If you happen to have a son or daughter sitting their last year of school, you will know that at the moment IB students are almost done with their exams and A level students will soon be on their study leave. Yes. Exam fever is here.

Does your son or daughter suffer from exam fever?
Do they get stressed, nervous and even have panic attacks, as the exam date gets nearer? 

If you happen to have a son or daughter sitting their last year of school, you will know that at the moment IB students are almost done with their exams and A level students will soon be on their study leave. Yes. Exam fever is here.

Does your son or daughter suffer from exam fever?
Do they get stressed, nervous and even have panic attacks, as the exam date gets nearer? 

It is quite some time ago that I sat my A level exams. However, I still vividly remember my experience. I found it difficult to fall asleep the night before the exam. I tossed and turned and tried to banish, in vain, all the negative scenarios that had crept into my head. On the morning of the exam I was a bundle of nerves and could not eat a thing. In order to keep my energy levels up I used to suck a dextrose tablet every now and then. I used to look with envy at the other students who seemed calm. I could not understand how they could stay so calm and chat away to each other like any other day while I was almost falling to pieces.  I used to ask myself “How do they do that?”

I found the answer to my question 16 years later when I discovered NLP.

Representational Systems and Submodalities

 We take in the world through our five senses and, using the information we gather, we make internal representations of the world. In NLP these are called “Representational Systems” and the five senses are called ‘Modalities” and they are:

V = Visual (sense of sight)
A = Auditory (sense of hearing)
K = Kinaesthetic (sense of touch and feeling)
O = Olfactory (sense of smell)
G = Gustatory (sense of taste)

From an NLP perspective, we concentrate on the first three senses, as the olfactory and gustatory sense, tend to be included under the Kinaesthetic System.

Let’s examine each sensory modality in a little more detail. Visually for example, the pictures you see can have a specific location, be bright or dim in colour or black and white, moving or still, big or small and so on. Similarly the sounds you hear can vary in tonality, volume or speed and the source can be internal, as in hearing your own internal dialogue, or external, as the voice of someone other than yourself. The same applies to your feelings, which again can vary in intensity, location (where in your body you feel it) and size. These finer distinctions are not a coincidence and they are referred to in NLP as “Submodalities”.

These submodalities are unique to each individual and they are the way we code our experiences. When you change the submodalities of an experience, you change how you feel about it.
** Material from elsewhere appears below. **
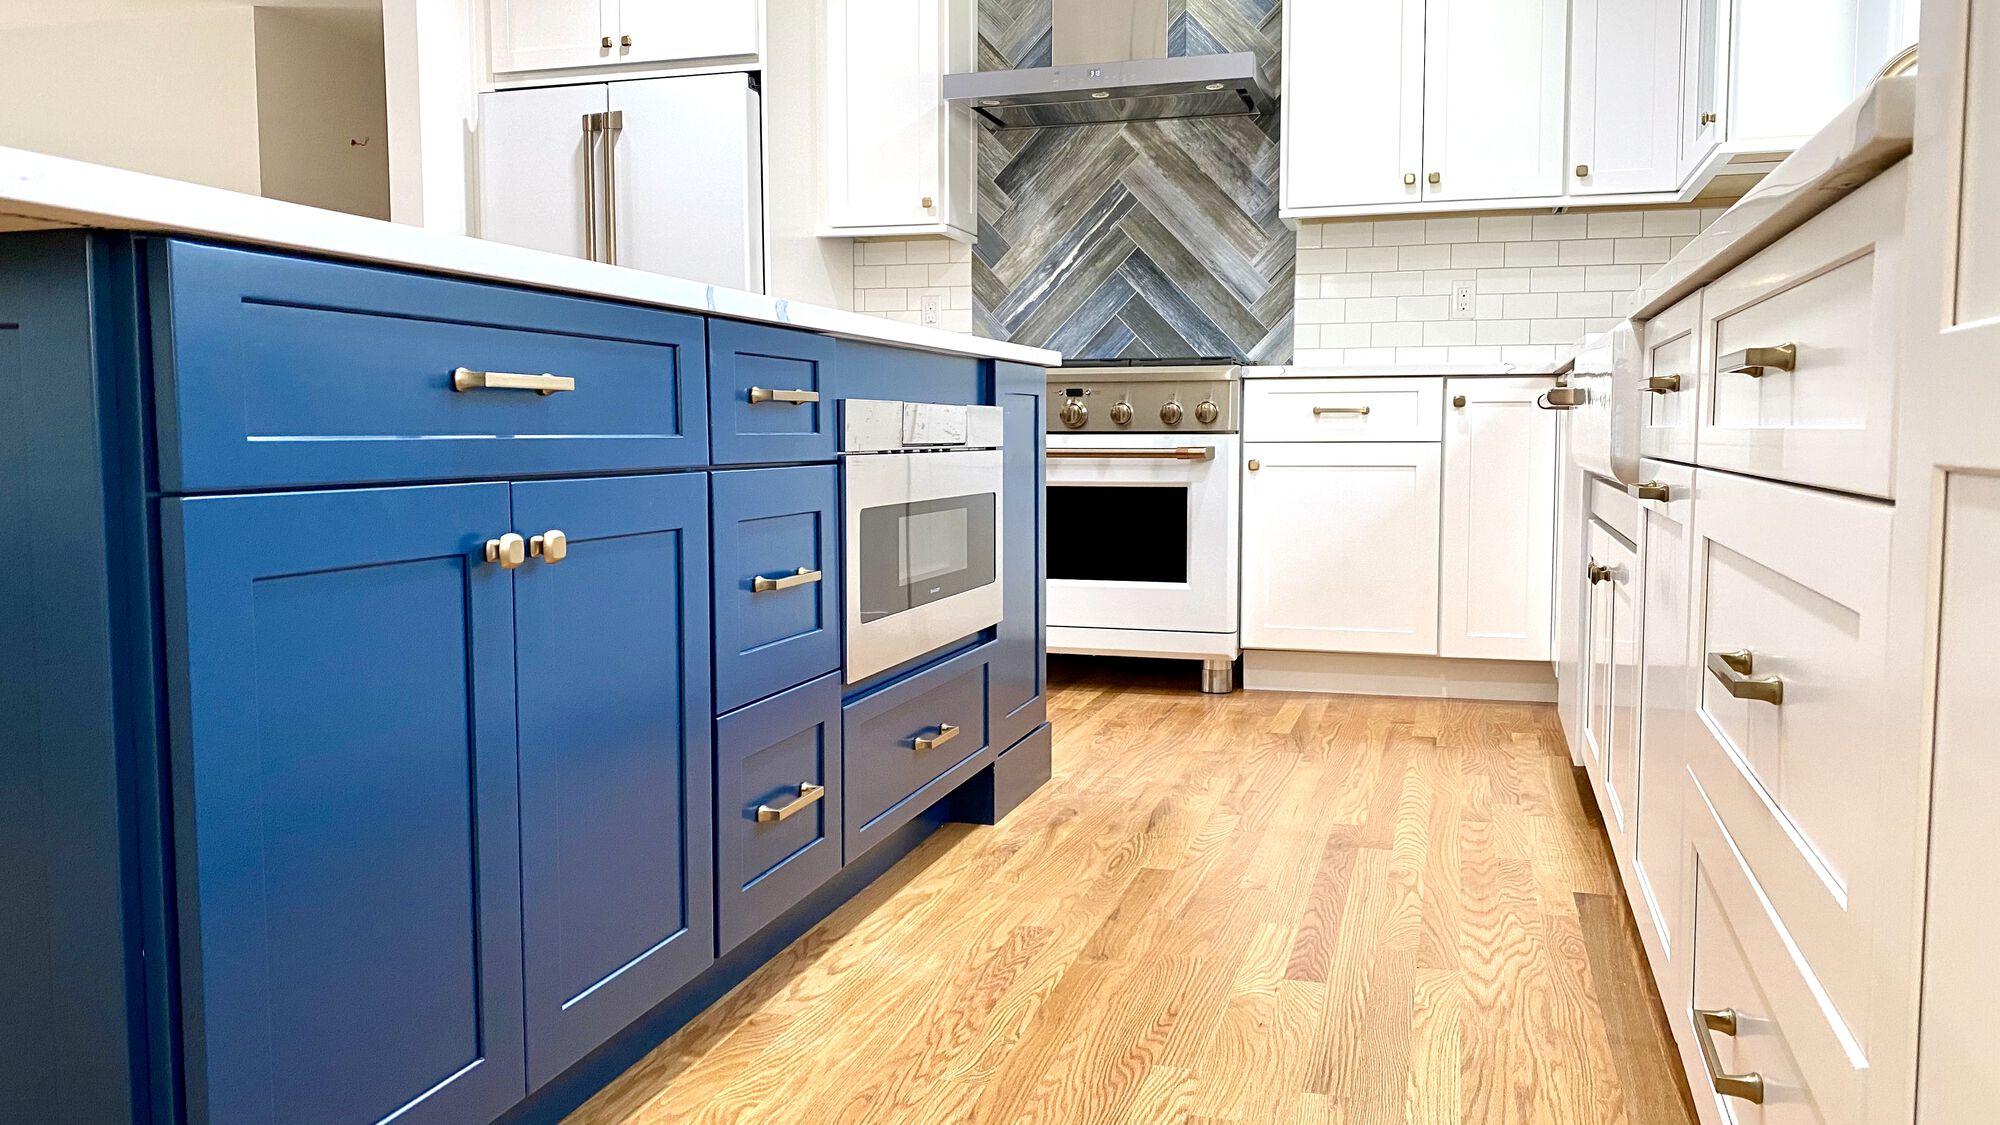 Custom Color Blue Island, Herringbone Tile and Subway Backsplash, GE Cafe Appliances in Berkeley Heights, Union County NJ

The following is an example of exam fever and an NLP approach to curbing it:

Due to the type of course my daughter was interested in studying, some of the universities she applied to require that she sit a special scientific exam, BMAT, before her application could be considered. This exam did not so much depend on knowledge as much as on aptitude and skills. The only way she could prepare for it was to do as many example papers as possible. It was also a very high standard test and the score scale was designed so that academically outstanding applicants would score around 5 out of 10. Getting an average grade was something my daughter was not used to. She prepares well, works hard and aims high. Therefore when she consistently wasn’t getting a 9 or 10 she decided that she was not capable and, therefore, a failure. As the exam date got nearer she was getting more and more frustrated, agitated and in an almost near panic state. I decided that it was time to intervene and see what  internal representations my daughter was making about this exam that was getting her into such a negative state.

“What comes to your mind when I say BMAT?” I asked her one afternoon.

“I get a picture in my head.” She answered.

“What kind of picture?” I asked

“Well, I am in the school hall where we normally sit our exams.” She said.

“Where do you see this picture?” I asked again.

“It is right in front of me.” She answered.

“Right. Do you see yourself in the picture or are you looking through your own eyes?” I said

“I see myself in the picture.” She said.

Knowing from previous exercises that my daughter’s positive feelings are usually associated with pictures in which she is looking through her own eyes, I asked her the following.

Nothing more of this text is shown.